I have a file in gran/config.py AND I cannot import this file (not an option).
Inside this config.py, there is the following code
...<more code>
animal = dict(
bear = r'^bear4x',
tiger = r'^.*\tiger\b.*$'
)
...<more code>
I want to be able parse r'^bear4x' or r'^.*\tiger\b.*$' based on bear or tiger.
I started out with
try:
text = open('gran/config.py','r')
tline = filter('not sure', text.readlines())
text.close()
except IOError, str:
pass
I was hoping to grab the whole animal dict by
grab = re.compile("^animal\s*=\s*('.*')") or something like that
and maybe change tline to tline = filter(grab.search,text.readlines())
but it only grabs animal = dict( and not the following lines of dict.
how can i grab multiple lines?
look for animal then confirm the first '(' then continue to look until ')' ??
Note: the size of animal dict may change so anything static approach (like grab 4 extra lines after animal is found) wouldnt work
-
What kind of error appears when you try to import the file?badc0re– badc0re2013年08月27日 18:43:35 +00:00Commented Aug 27, 2013 at 18:43
-
@badc0re hmm not related because not an option. importing is not an option because config.py is trying to import something that's not available so I have to treat it as a text file. by importing it, it will try to run the code, import something thats not available.ealeon– ealeon2013年08月27日 18:47:27 +00:00Commented Aug 27, 2013 at 18:47
3 Answers 3
Maybe you should try some AST hacks? With python it is easy, just:
import ast
config= ast.parse( file('config.py').read() )
So know you have your parsed module. You need to extract assign to animals and evaluate it. There are safe ast.literal_eval function but since we make a call to dict it wont work here. The idea is to traverse whole module tree leaving only assigns and run it localy:
class OnlyAssings(ast.NodeTransformer):
def generic_visit( self, node ):
return None #throw other things away
def visit_Module( self, node ):
#We need to visit Module and pass it
return ast.NodeTransformer.generic_visit( self, node )

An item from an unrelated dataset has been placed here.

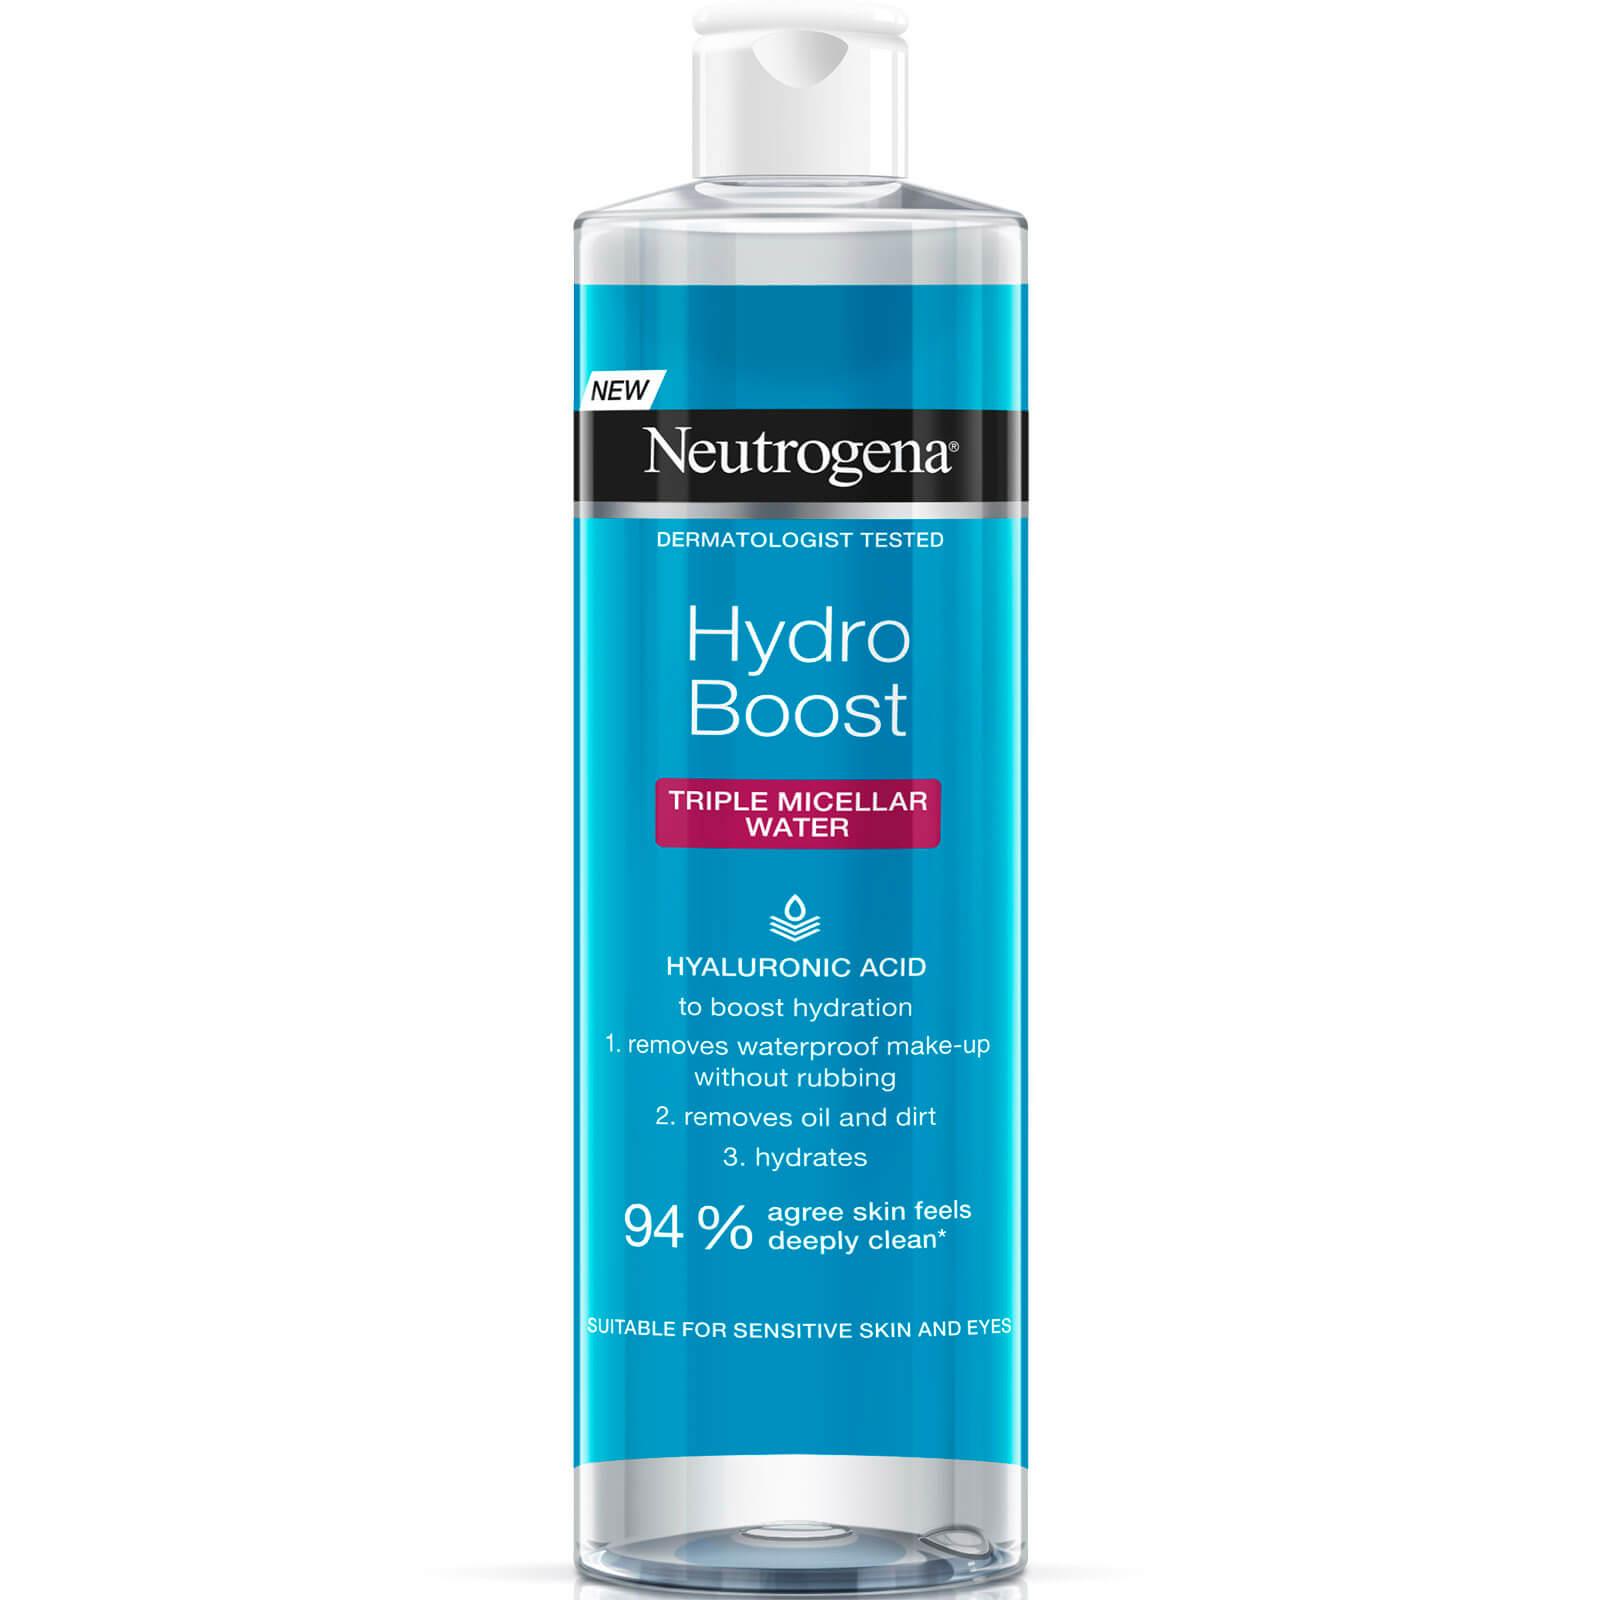 Agua micelar Hydro Boost de Neutrogena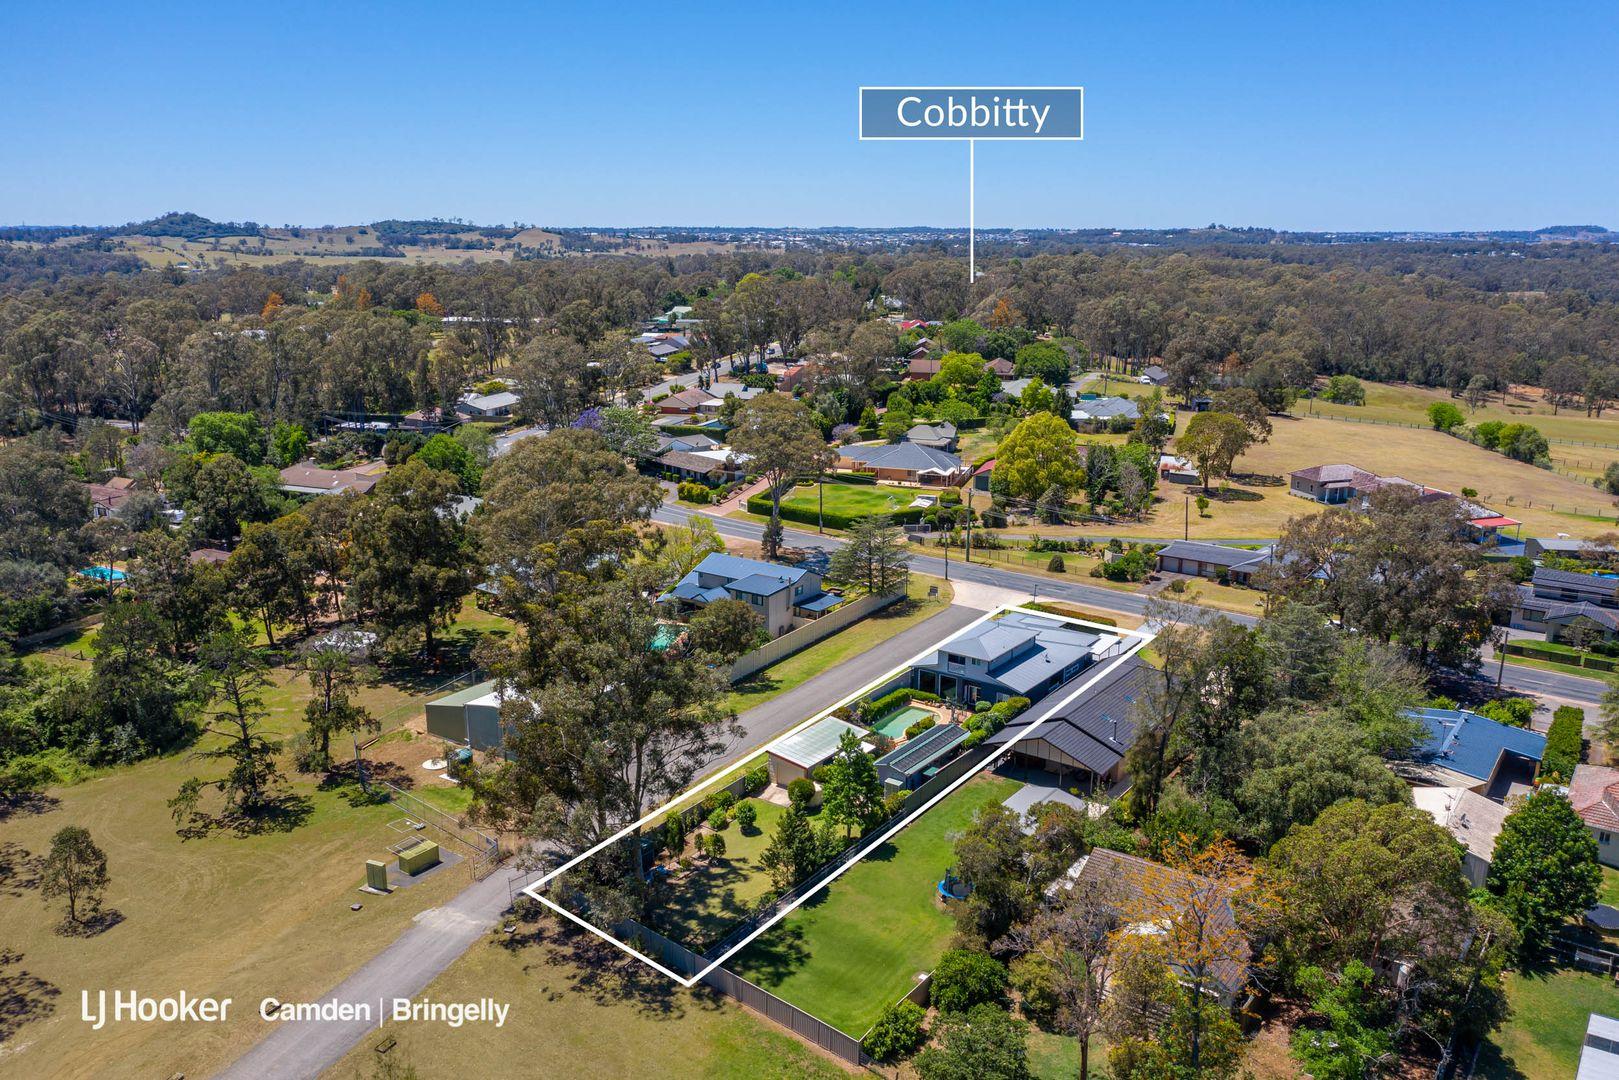 217 Cobbitty Road, Cobbitty NSW 2570, Image 0

def visit_Assign(self, node):
if node.targets[0].id == 'animals': # this you may want to change
return node #pass it
return None # throw away
config= OnlyAssings().visit(config)
Compile it and run:
exec( compile(config,'config.py','exec') )
print animals
If animals should be in some dictionary, pass it as a local to exec:
data={}
exec( compile(config,'config.py','exec'), globals(), data )
print data['animals']
There is much more you can do with ast hacking, like visit all If and For statement or much more. You need to check documentation.
Comments
If the only reason you can't import that file as-is is because of imports that will fail otherwise, you can potentially hack your way around it than trying to process a perfectly good Python file as just text.
For example, if I have a file named busted_import.py with:
import doesnotexist
foo = 'imported!'
And I try to import it, I will get an ImportError. But if I define what the doesnotexist module refers to using sys.modules before trying to import it, the import will succeed:
>>> import sys
>>> sys.modules['doesnotexist'] = ""
>>> import busted_import
>>> busted_import.foo
'imported!'
So if you can just isolate the imports that will fail in your Python file and redefine those prior to attempting an import, you can work around the ImportErrors
4 Comments
busted_import.py is your config.py. Try importing, and when you get the ImportError, simply redirect that module within sys.modules using the example above and then try the import again. If you get another ImportError, repeat the process until you get no more ImportErrors.I am not getting what exactly are you trying to do.
If you want to process each line with regular expression - you have ^ in regular expression re.compile("^animal\s*=\s*('.*')"). It matches only when animal is at the start of line, not after some spaces. Also of course it does not match bear or tiger - use something like re.compile("^\s*([a-z]+)\s*=\s*('.*')").
If you want to process multiple lines with single regular expression, read about re.DOTALL and re.MULTILINE and how they affect matching newline characters:
http://docs.python.org/2/library/re.html#re.MULTILINE
Also note that text.readlines() reads lines, so the filter function in filter('not sure', text.readlines()) is run on each line, not on whole file. You cannot pass regular expression in this filter(<re here>, text.readlines()) and hope it will match multiple lines.
BTW processing Python files (and HTML, XML, JSON... files) using regular expressions is not wise. For every regular expression you write there are cases where it will not work. Use parser designed for given format - for Python source code it's ast. But for your use case ast is too complex.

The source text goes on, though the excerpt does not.